Data segment:
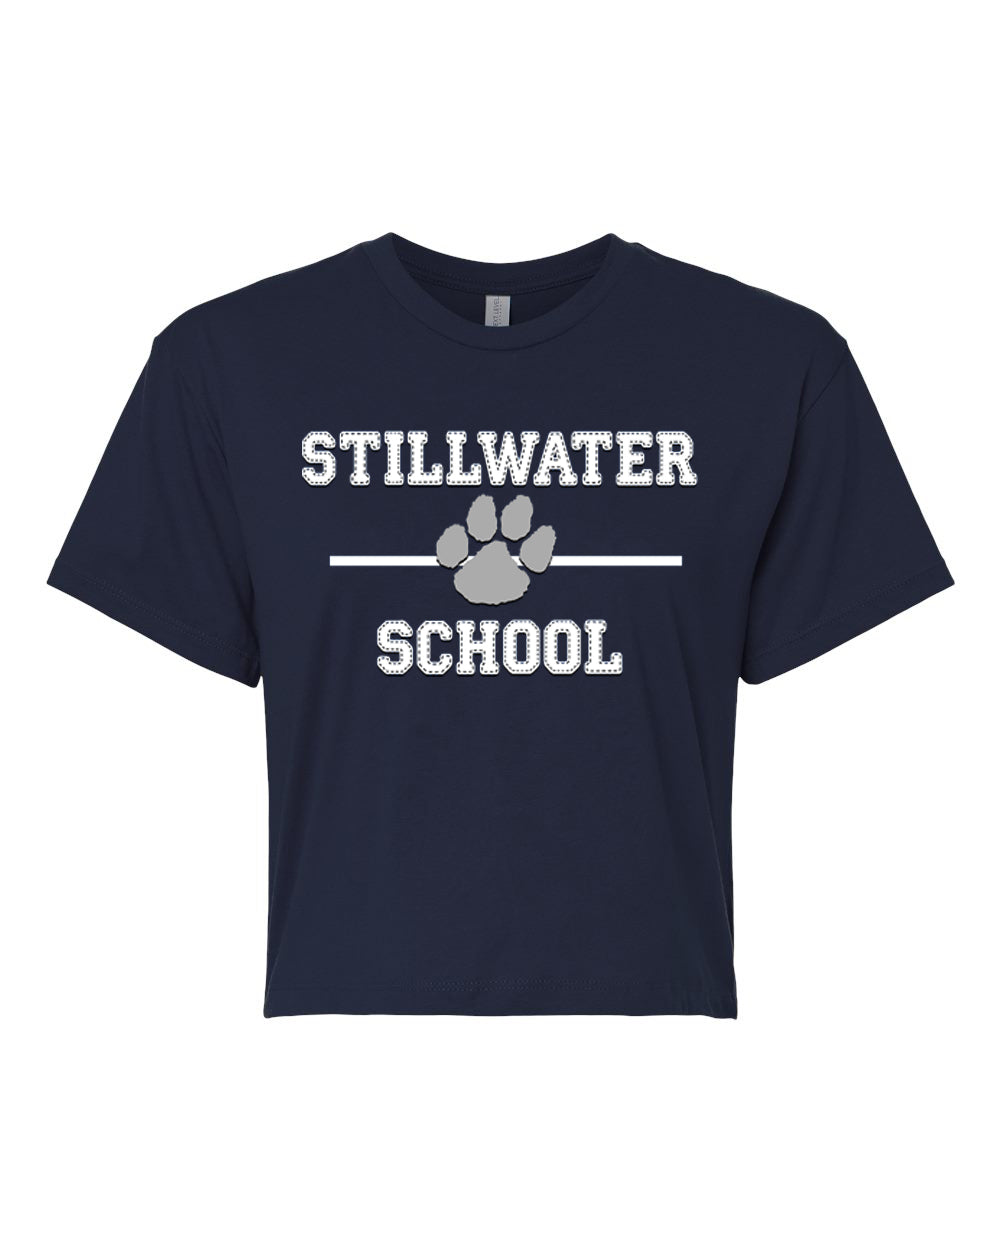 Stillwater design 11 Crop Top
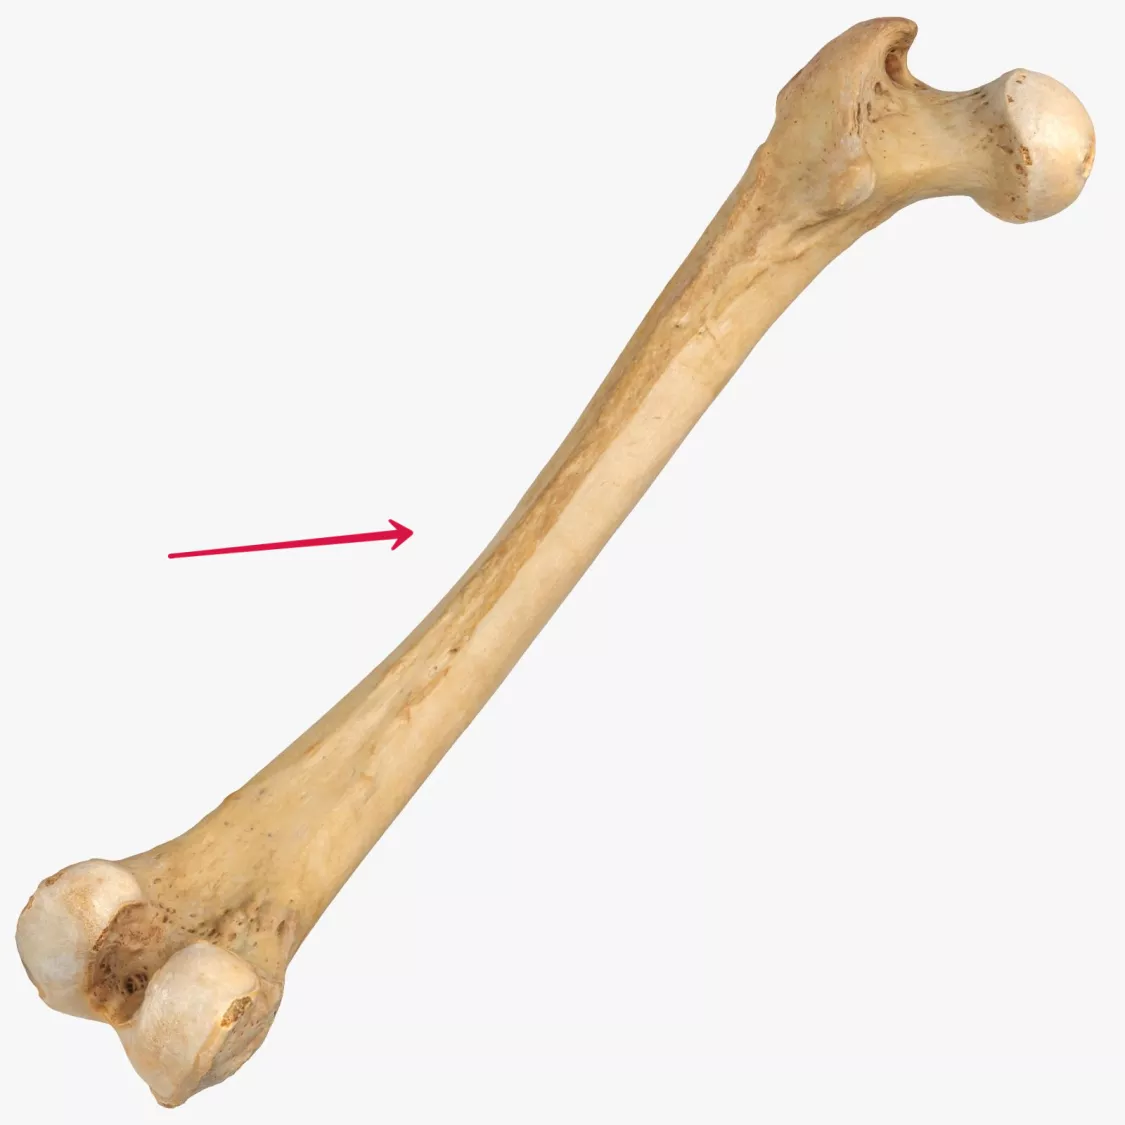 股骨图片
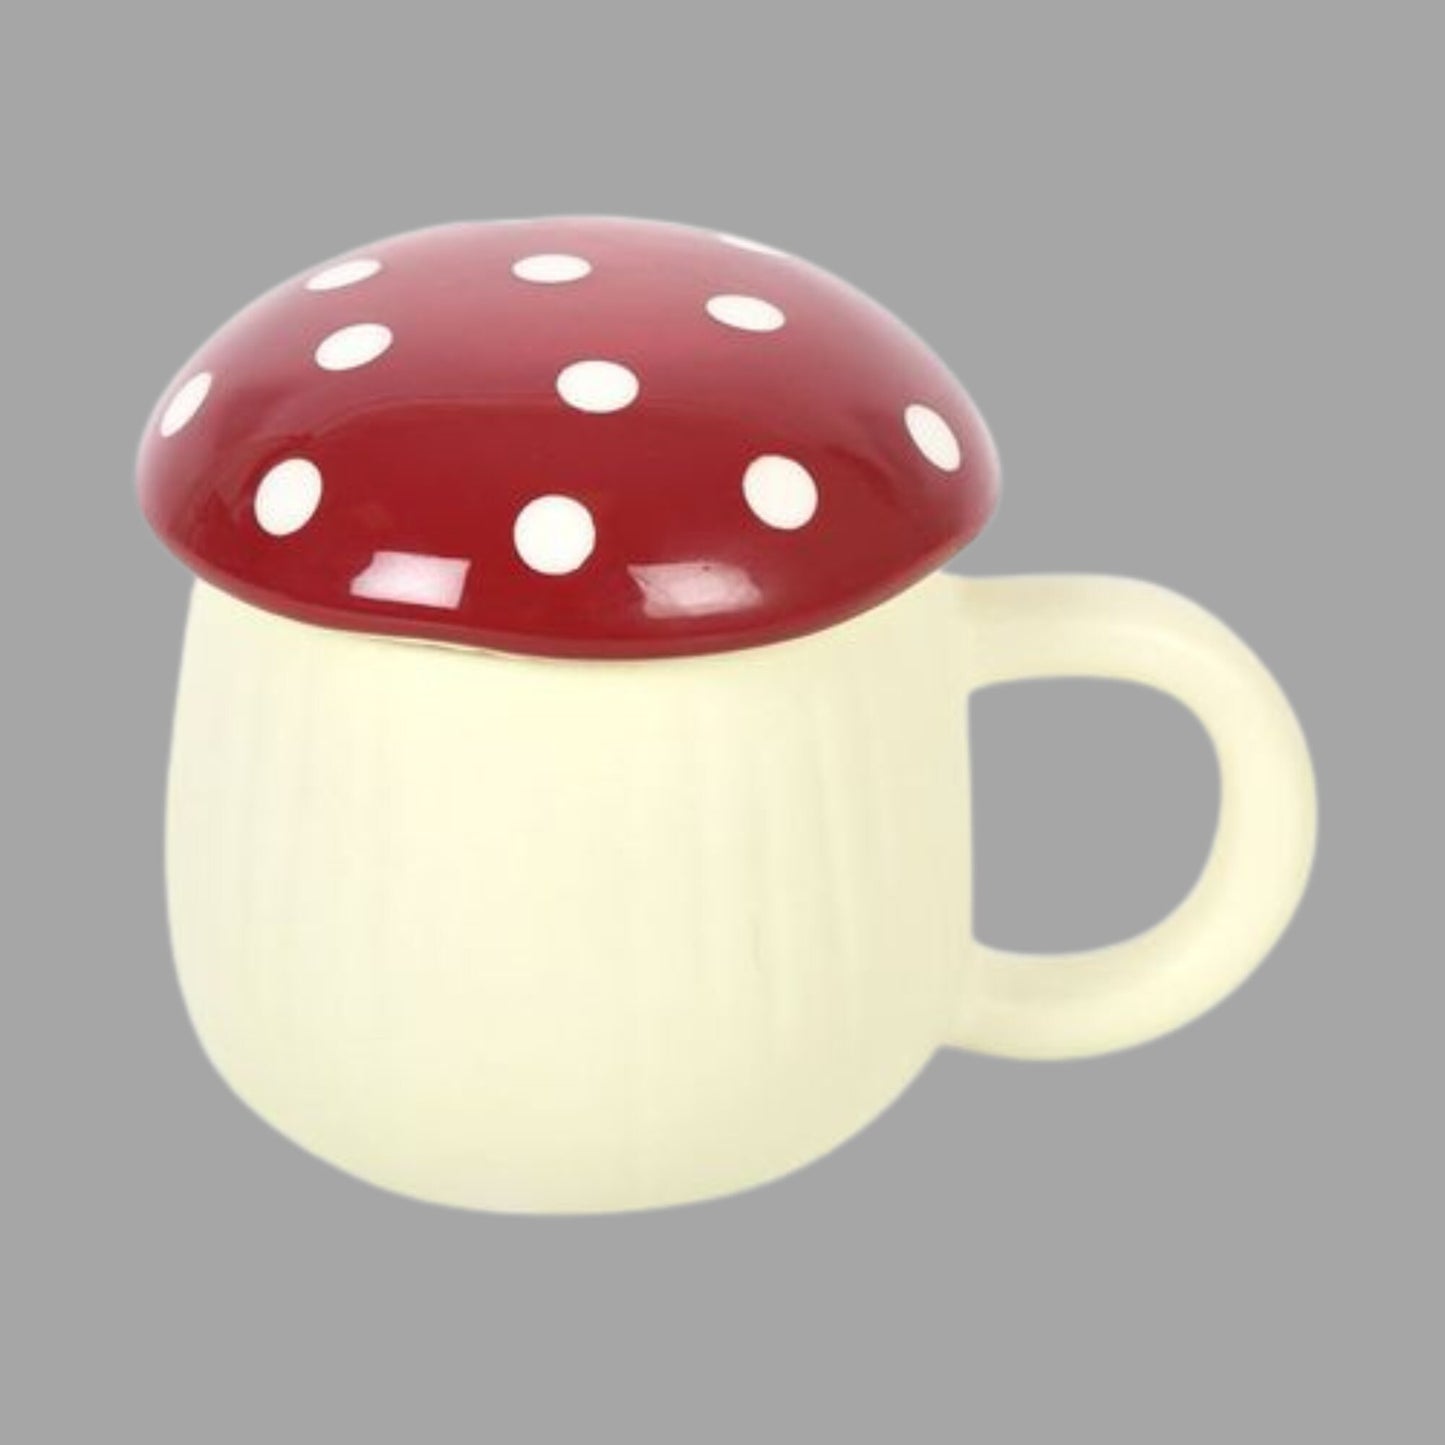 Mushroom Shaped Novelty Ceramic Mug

What is being asked: Set down the entire material verbatim, with each picture left out.

The completed task:
 Stillwater design 11 Crop Top
 股骨图片
 Mushroom Shaped Novelty Ceramic Mug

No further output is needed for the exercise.